*** Source material ***
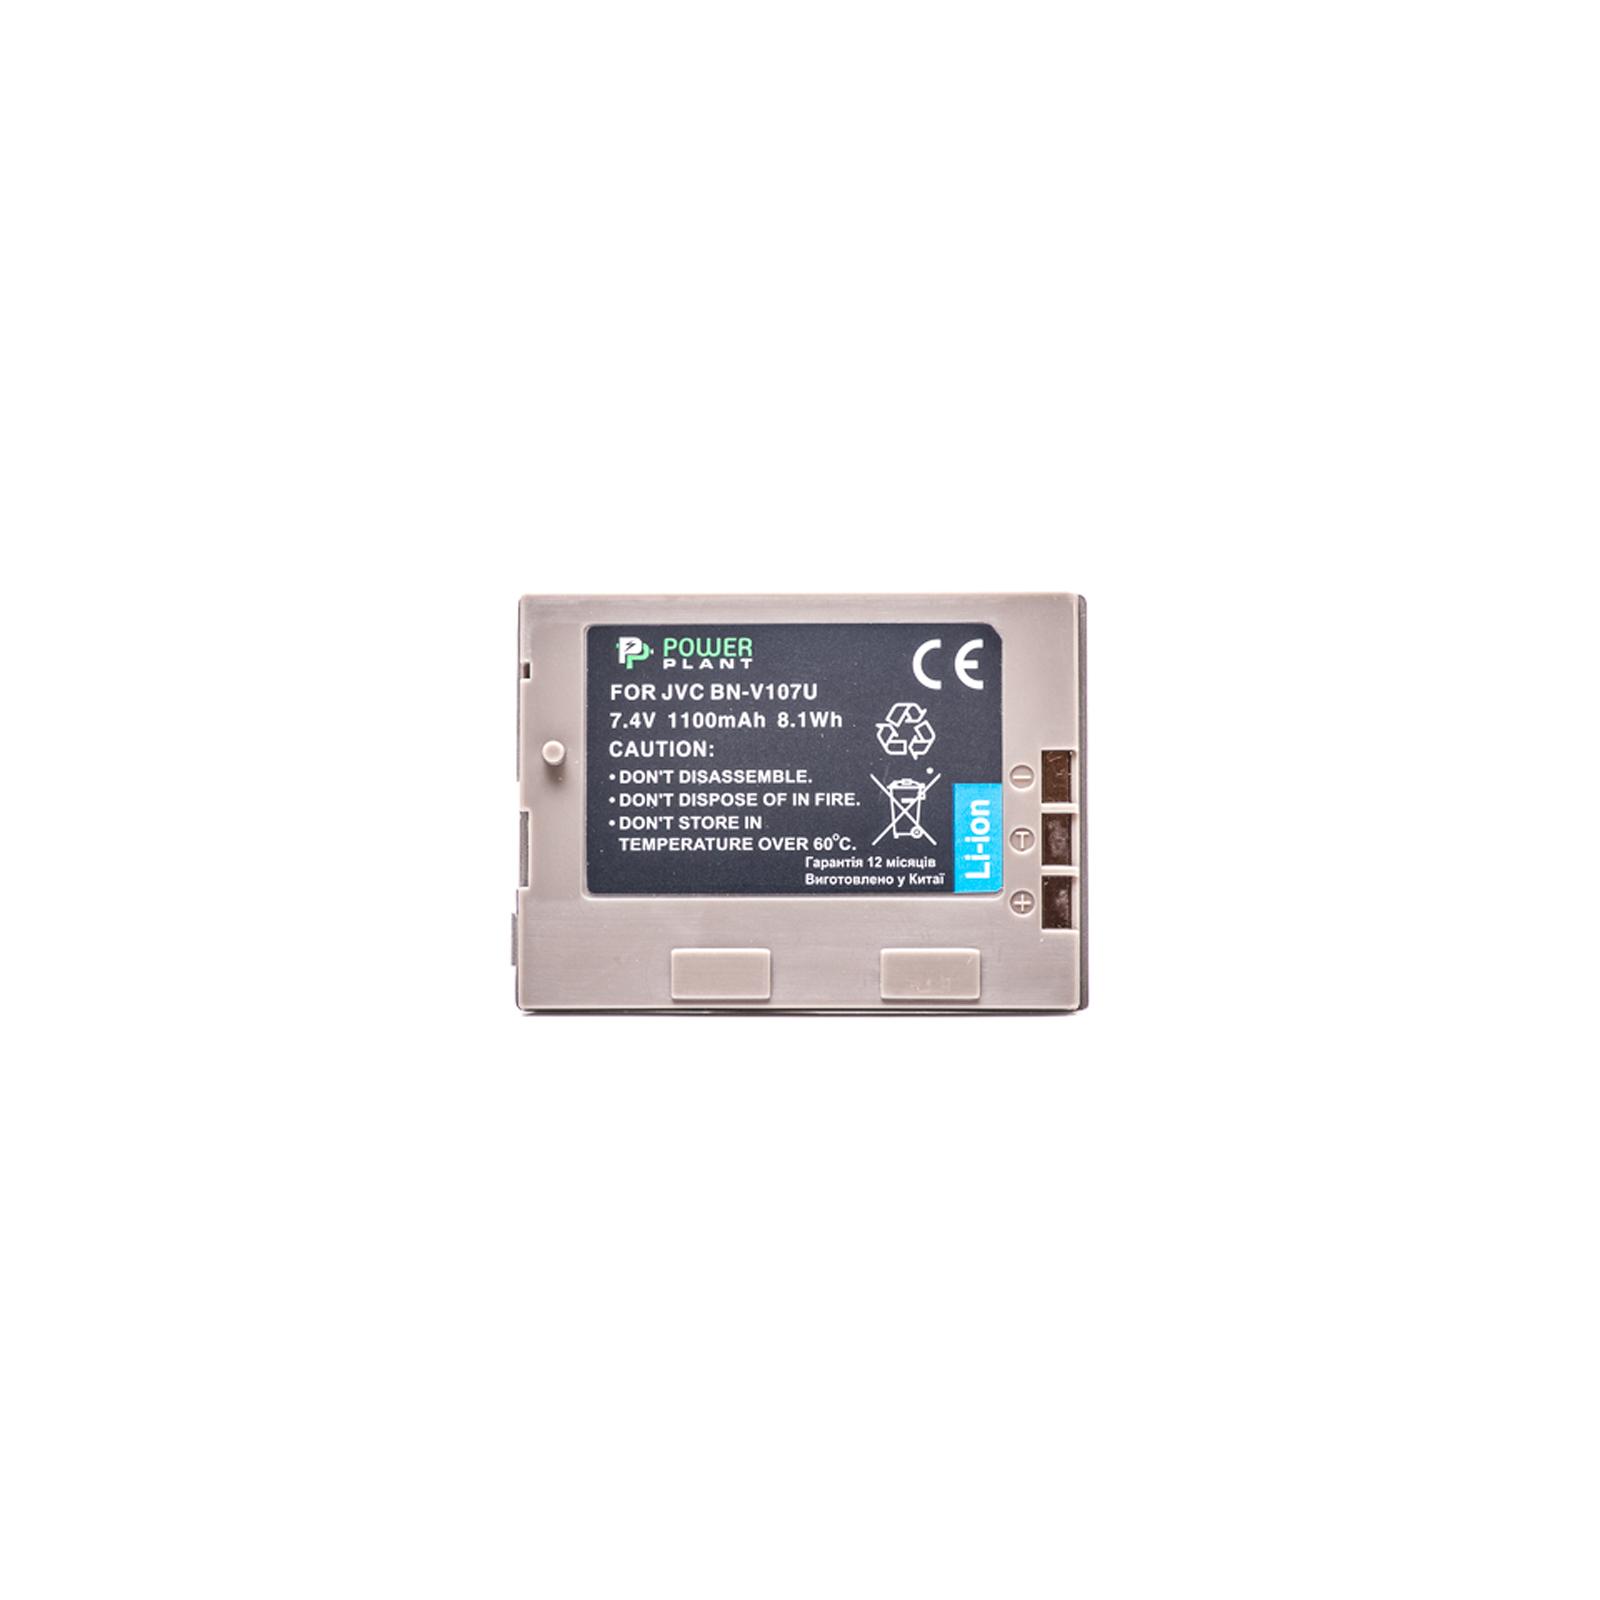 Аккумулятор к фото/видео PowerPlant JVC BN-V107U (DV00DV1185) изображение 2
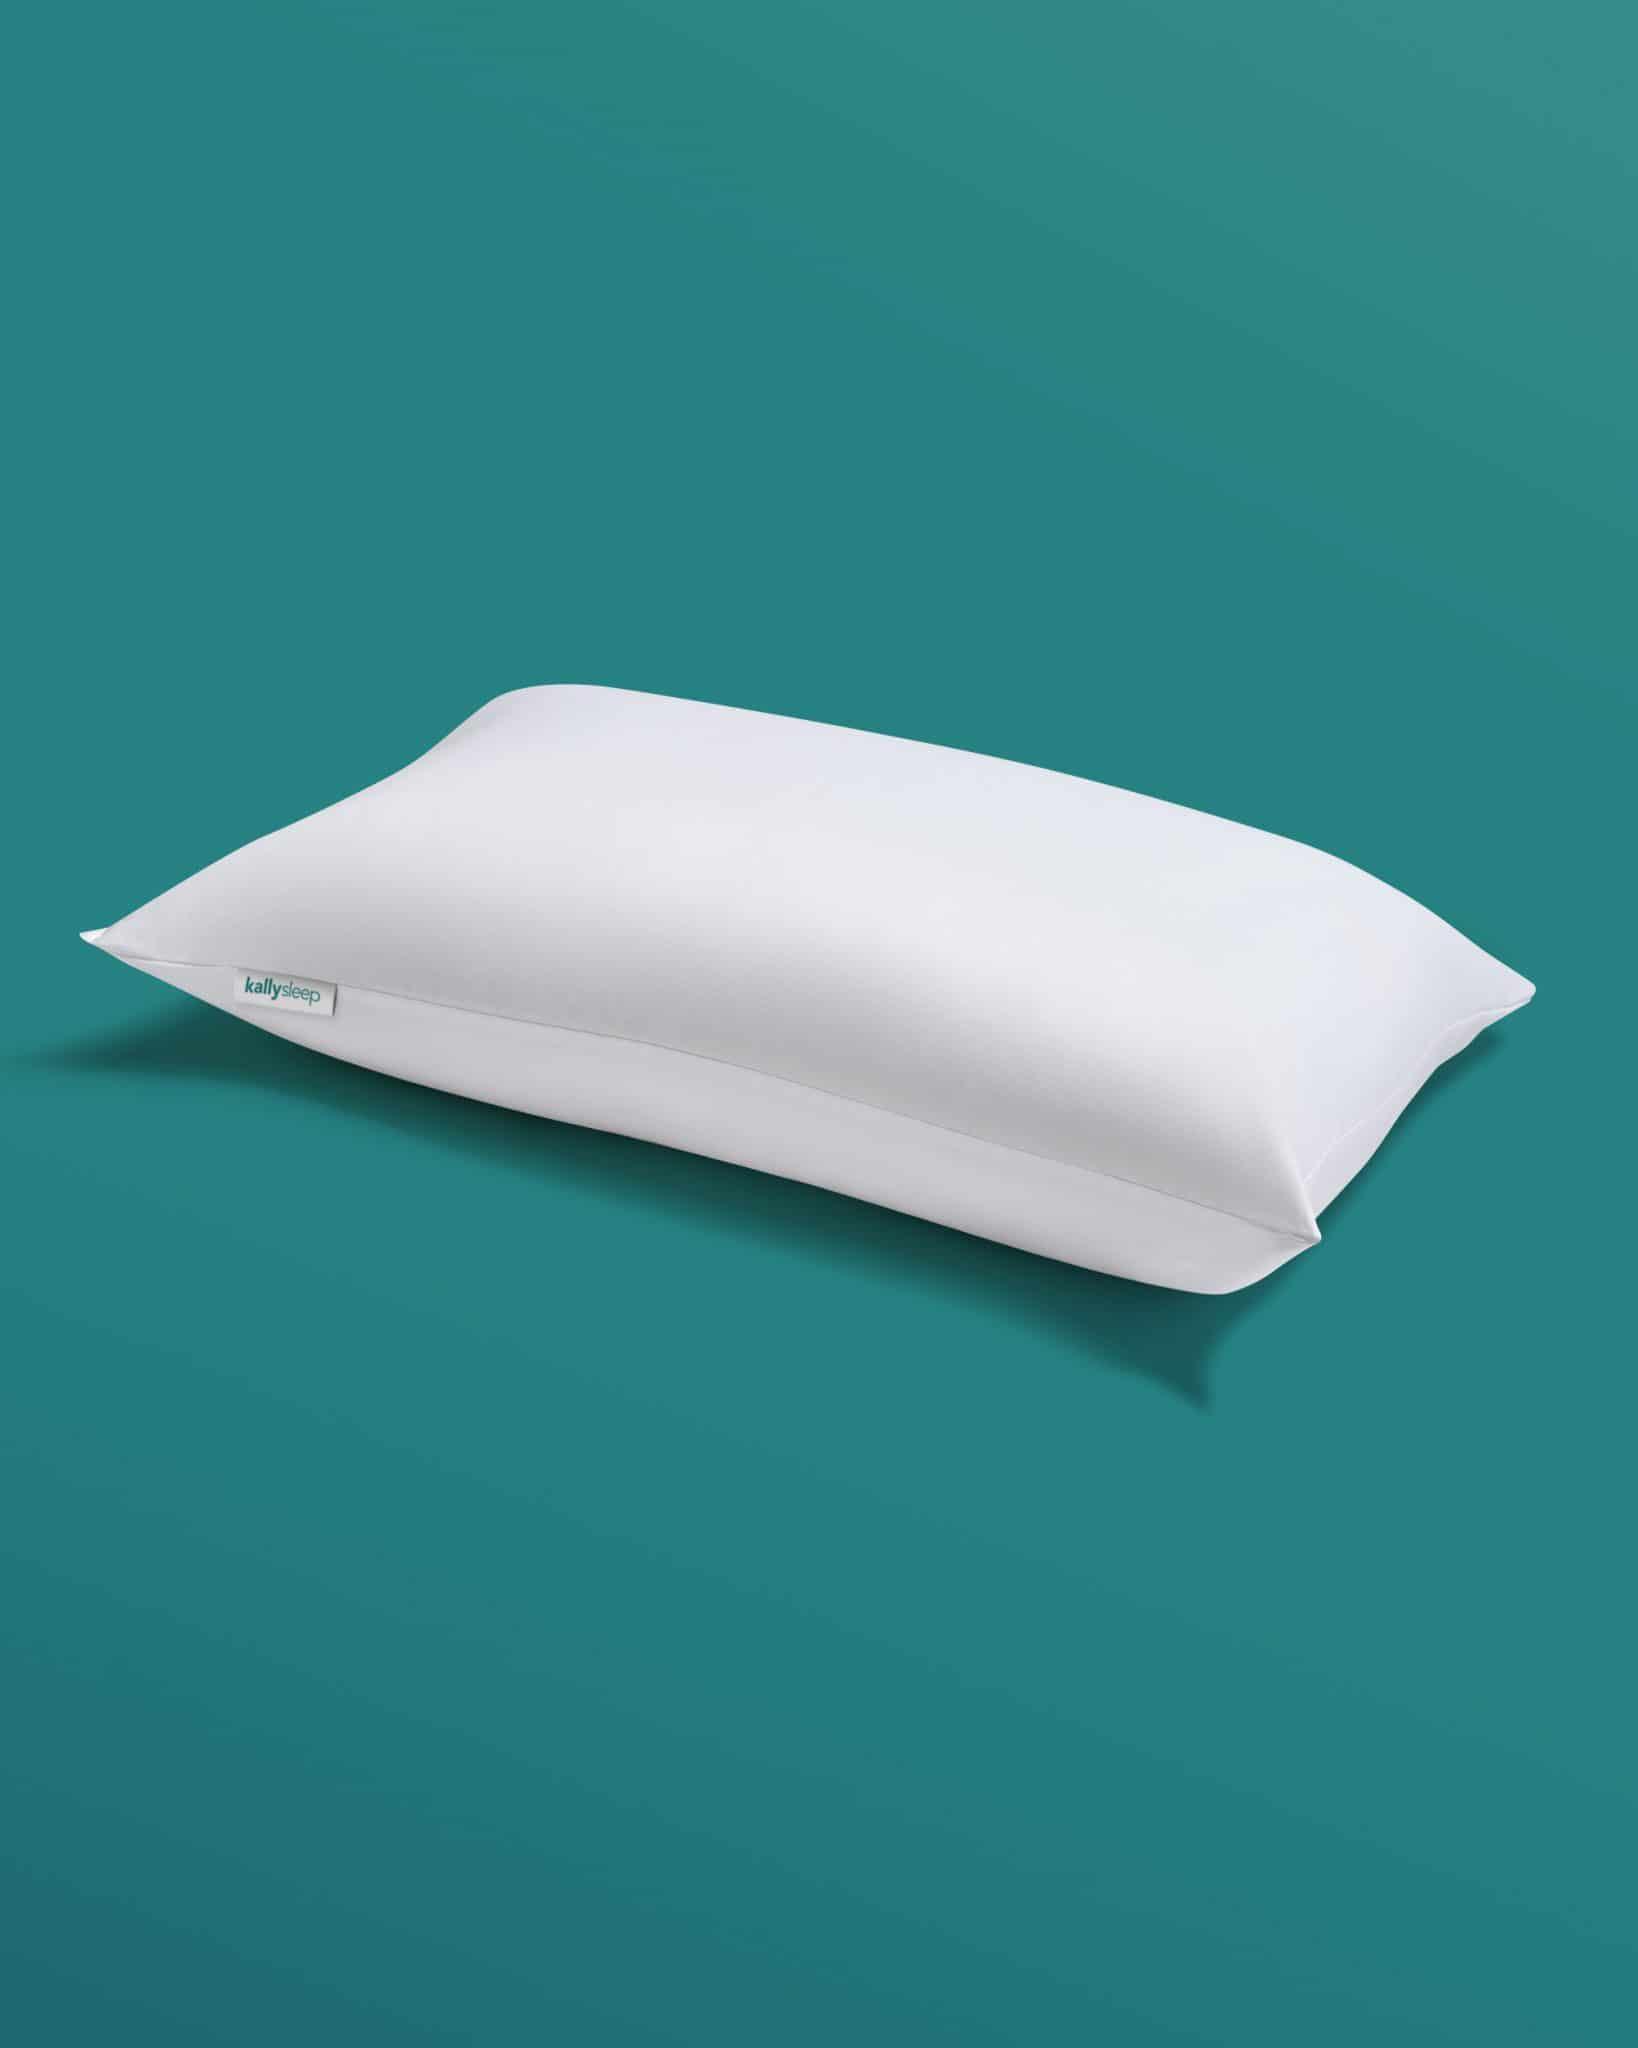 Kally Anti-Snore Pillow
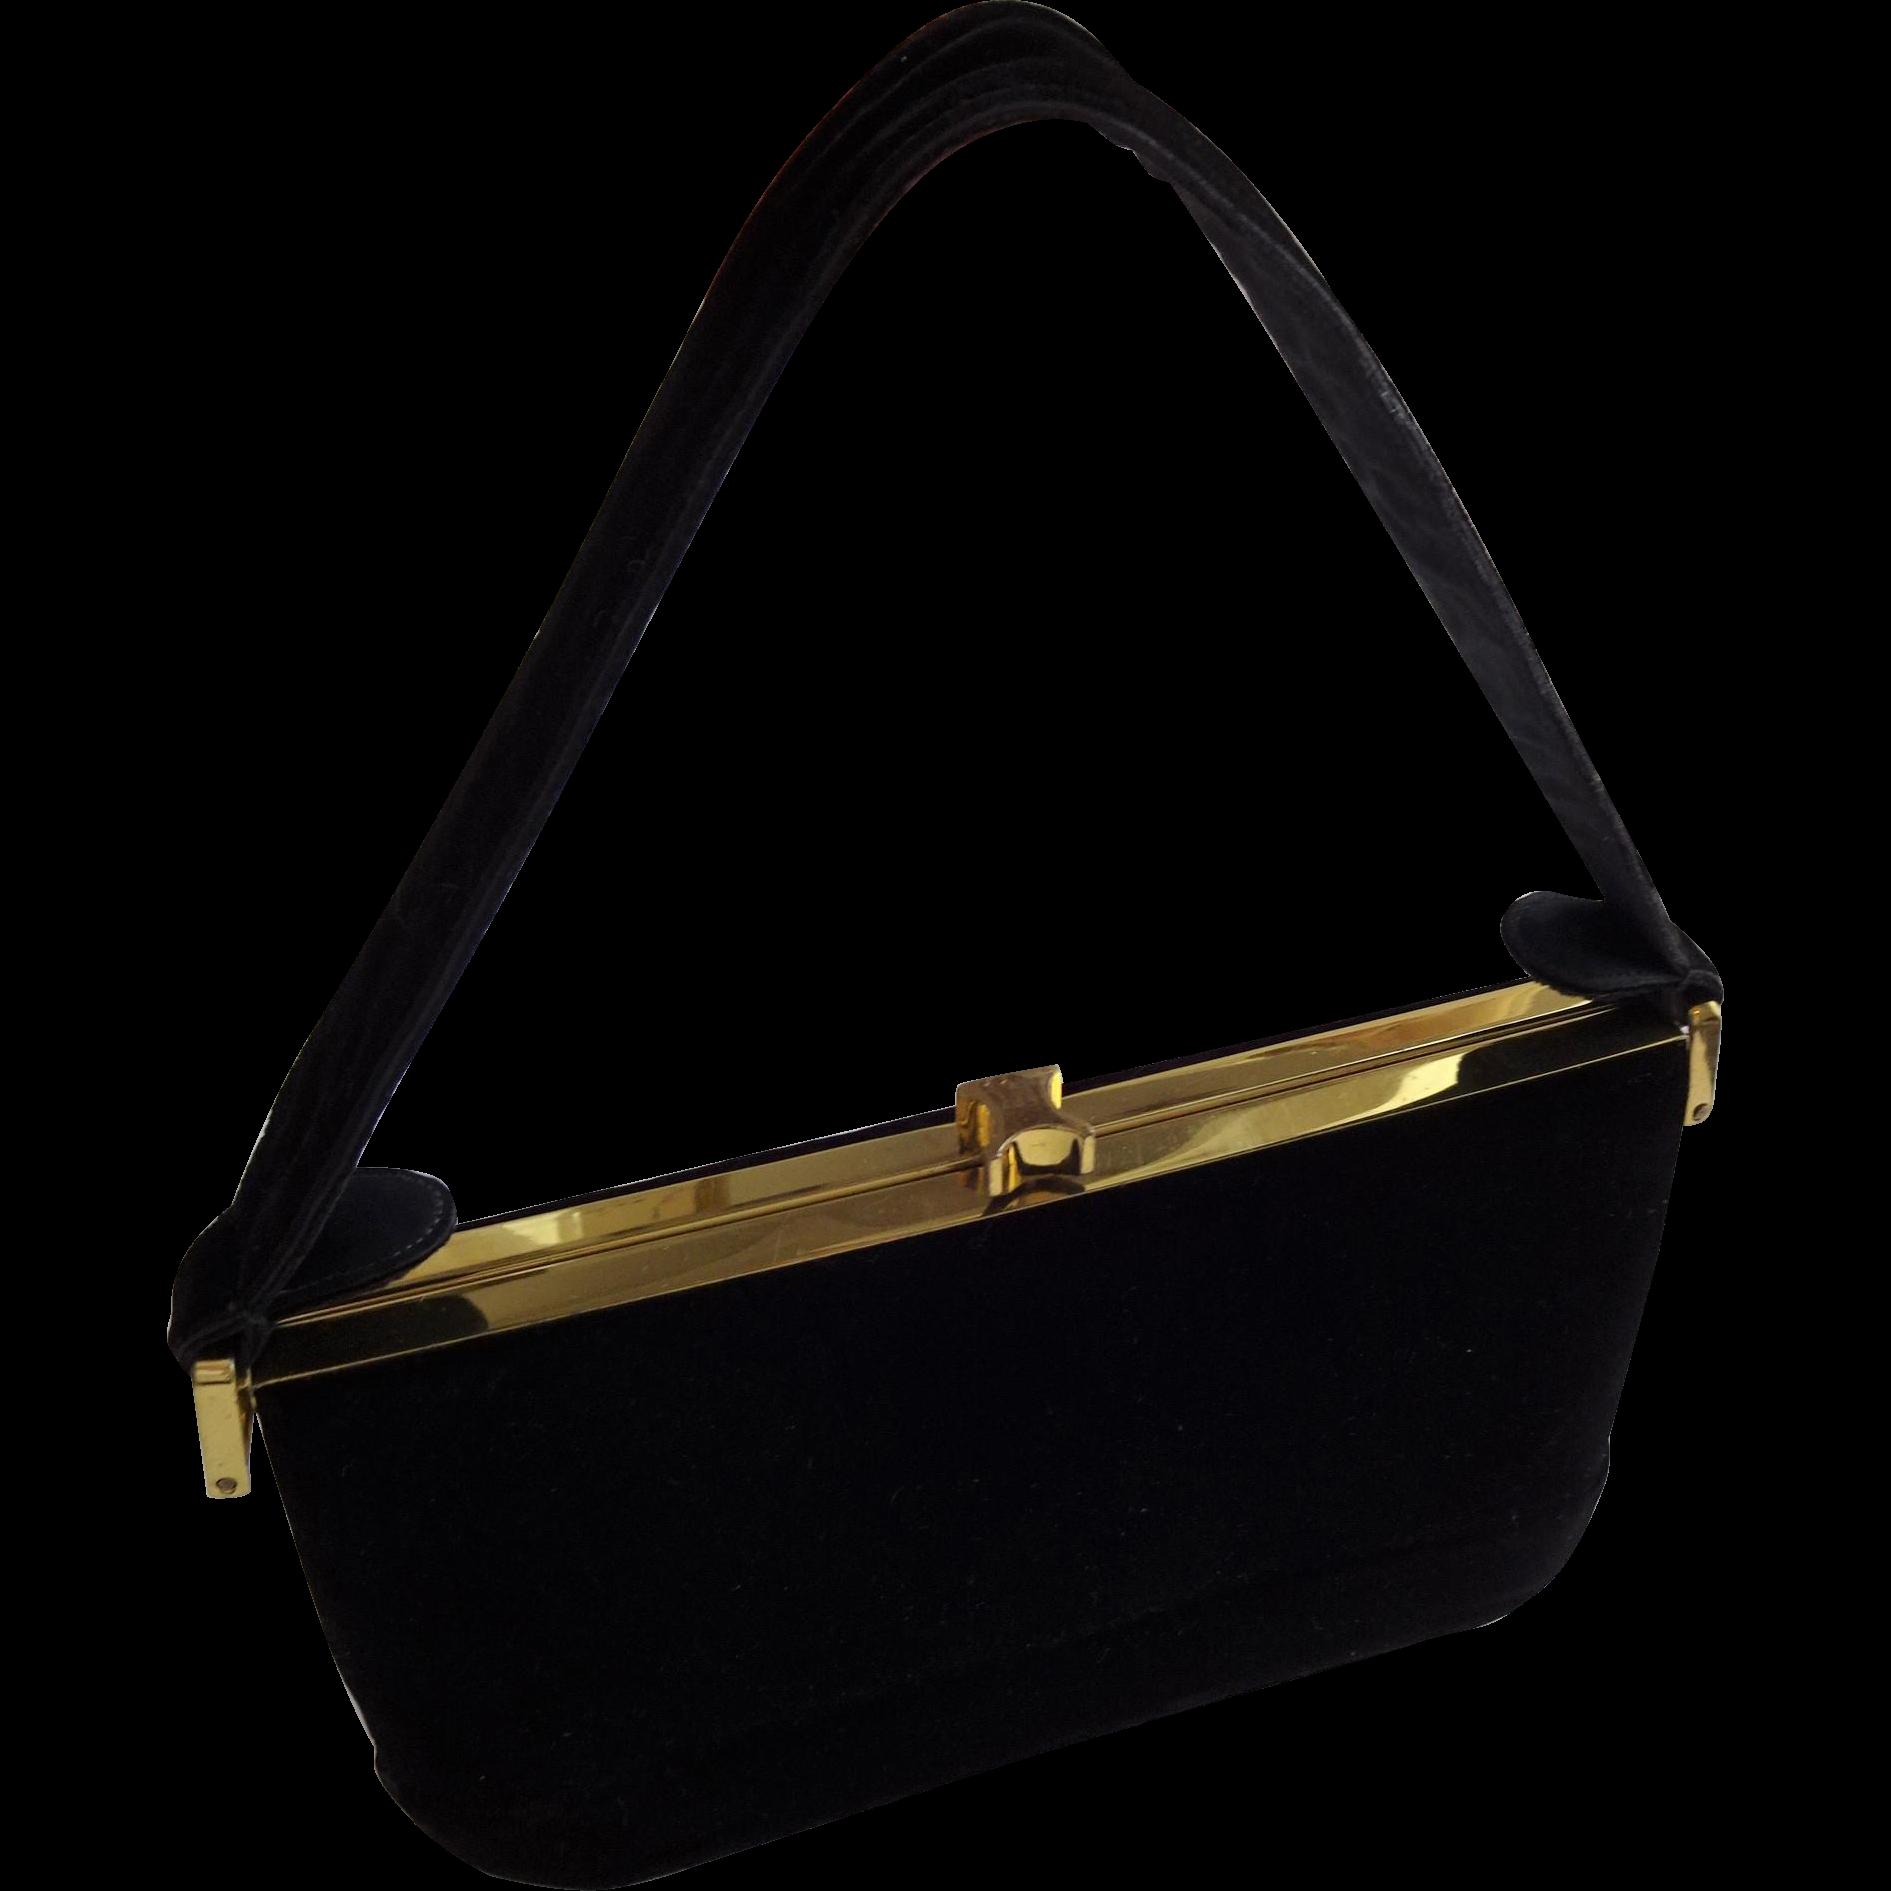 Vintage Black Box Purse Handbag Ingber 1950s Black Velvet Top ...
***
■ About this exercise ■
Copy exactly the lines that run from the line containing "Kally Anti-Snore Pillow" to the end of the data above, keeping both end lines and leaving out all pictures.

■ Written response ■
 Kally Anti-Snore Pillow
 Vintage Black Box Purse Handbag Ingber 1950s Black Velvet Top ...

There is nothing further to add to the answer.